0 - What is nnetsauce?

nnetsauce is a general-purpose computational tool for statistical/Machine Learning (ML). As of 2024-02-11, nnetsauce is available for R and Python. It contains various implementations of – shallow and deep – regression, classification, univariate and multivariate probabilistic time series forecasting models.

The specificity of nnetsauce resides on the fact that the great majority of these ML models are powered by Quasi-Randomized Networks (QRNNs, see Moudiki, Planchet, and Cousin (2018) and Moudiki (2019-2024)). Indeed, whereas traditional neural networks (NNs, see Goodfellow, Bengio, and Courville (2016)) are trained by using gradient-based optimization algorithms, QRNNs do actually engineer features by creating new, randomized or deterministic ones.

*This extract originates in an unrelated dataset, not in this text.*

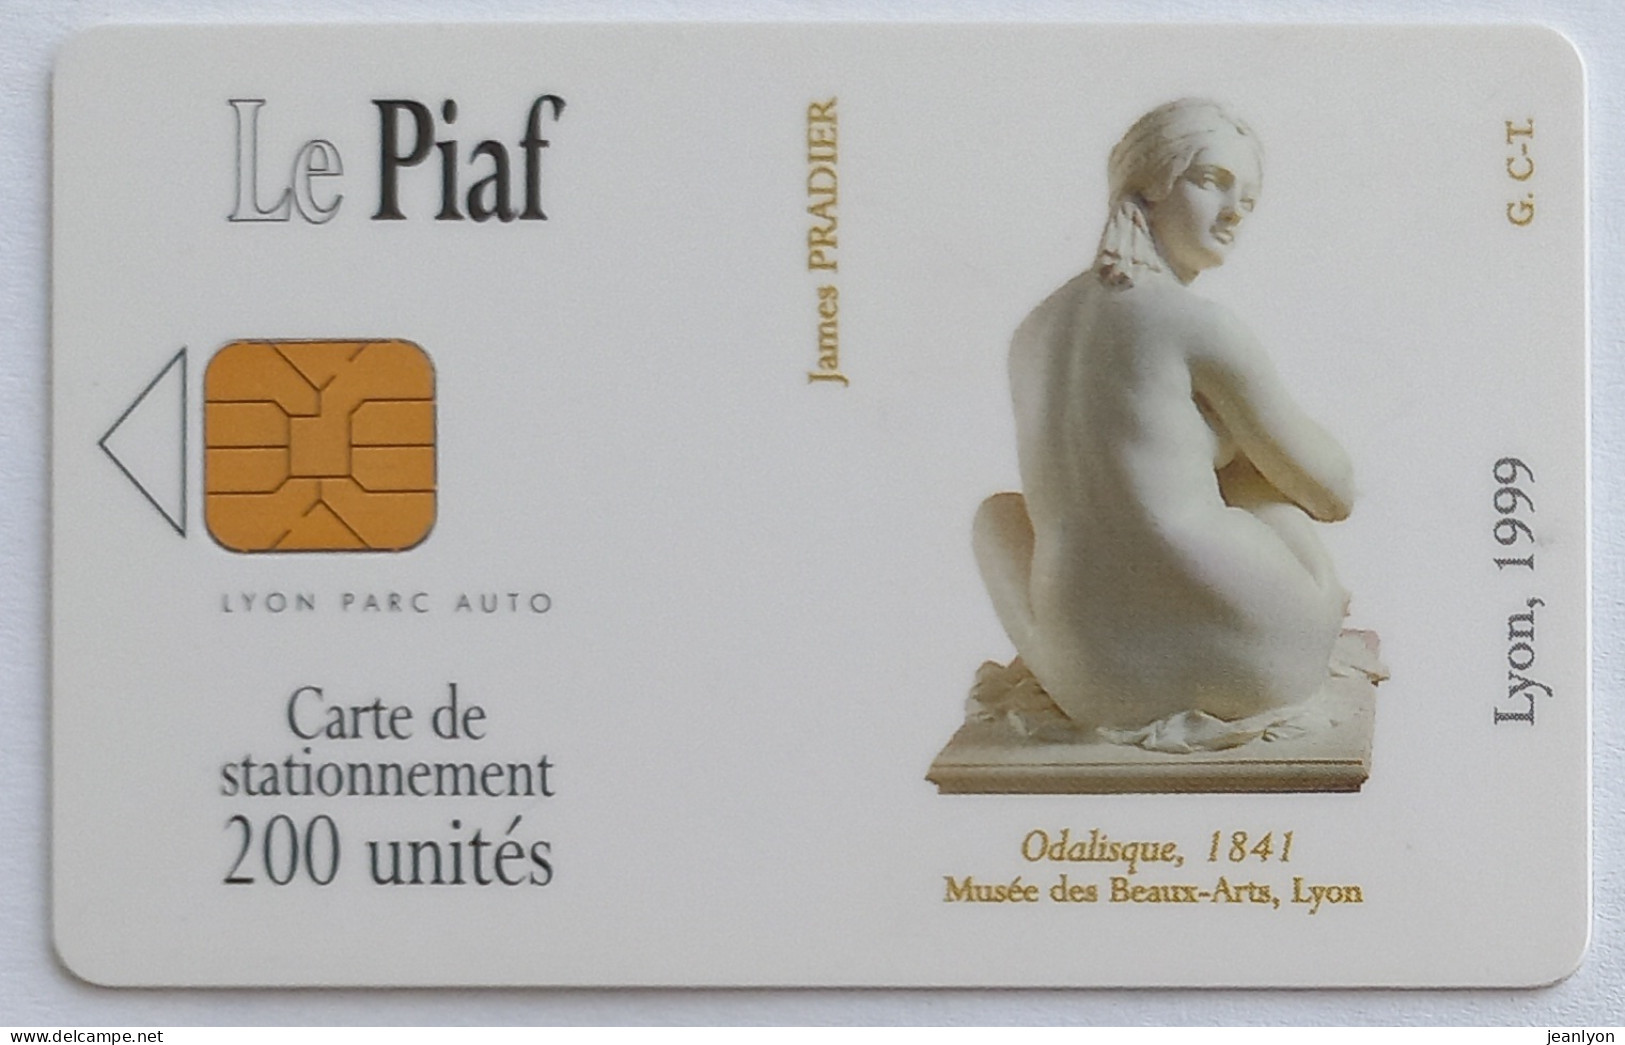 PIAF LYON - Carte Stationnement 1999 - ODALISQUE - Art / Statue - Musée Des Beaux Arts Lyon - Cartes De Stationnement, PIAF

The package lives in and relies on a well-supported and documented Python ecosystem; the one introduced by Pedregosa et al. (2011):

  • ML models are trained by using a method called fit
  • predictions on unseen data are made by a method called predict
  • thanks to object-oriented programming’s inheritance, the models are a 100% compatible with scikit-learn’s Pipelines, GridSearchCVs, RandomizedSearchCVs, and cross_val_scores (tools for model calibration).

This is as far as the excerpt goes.